Menyikapi pentingnya aspek legalitas sebagai dokumen penting pemekaran kota amurang, Waketum tiga Ferry Mohede menyoroti dimana pentingnya untuk melakukan langkah-langkah pendekatan politik.
“Torang harus pastikan dulu seberapa lama moratorium dapat dicabut dan bisa menjawab terhadap tuntutan pembentukan kota amurang bisa seceoatnya terwujud sebagai daerah otonomi baru”. Ucap Ferry Mohede.
Ini penting untuk dibahas karena apa yang sudah dilakukan oleh teman-teman Tim Kajian sudah sangat akurat dari sisi akademisi. Ujarnya.
Ketua Tim Kajian pembentukan kota amurang Prof. Jefry Lengkong dalam pemaparannya mengutarakan “Meski kami tim kajian belum bisa melakukan kajian namun apapun caranya harus dibuat bisa. Meski memang kita harus menunggu moratorium itu dicabut”. Beber Prof Lengkong.
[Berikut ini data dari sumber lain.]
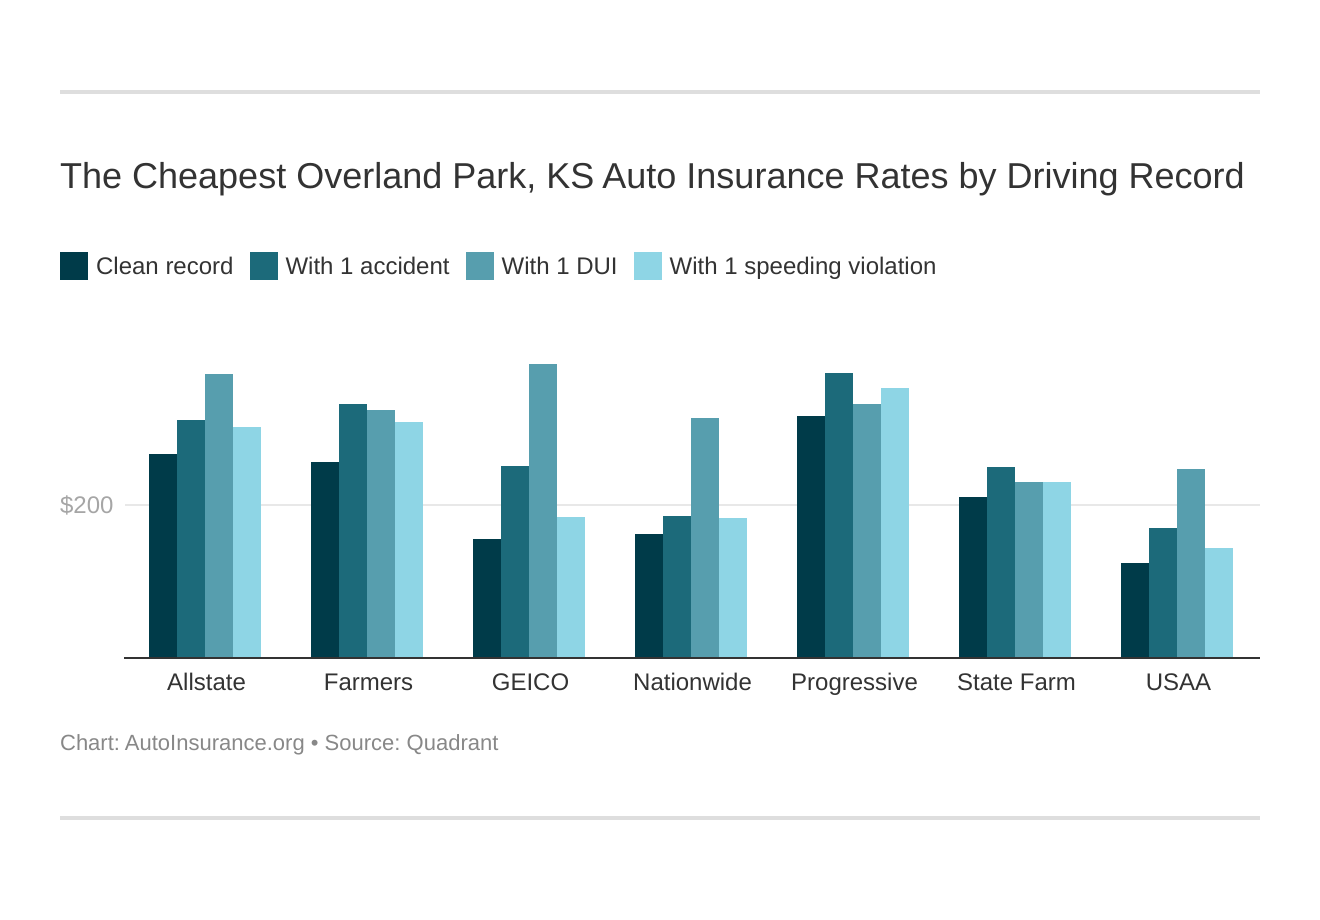 The Cheapest Overland Park, KS Auto Insurance Rates by Driving Record

Terkait seberapa kuatnya harapan terbentuknya kota amurang, menurut Prof Jefry Lengkong, bahwa Harapan itu yang menjadi kekuatan kami Tim Kajian menuntaskan tugas ini agar selain tidak berlama-lama, kajian ini pun dapat menjadi penguatan yang tidak terbantahkan. Tutupnya.
Seluruh rangkain dan langkah-langkah yang terus diupayakan Forum Komunikasi Pembentukan Kota Amurang lewat berbagai lobi, DPD diharapkan menjadi ujung tombak melakukan lobi politik, serta sebisa mungkin masuk kedalam fraksi di DPR agar bisa terlibat langsung dalam mengambil keputusan. (R_01)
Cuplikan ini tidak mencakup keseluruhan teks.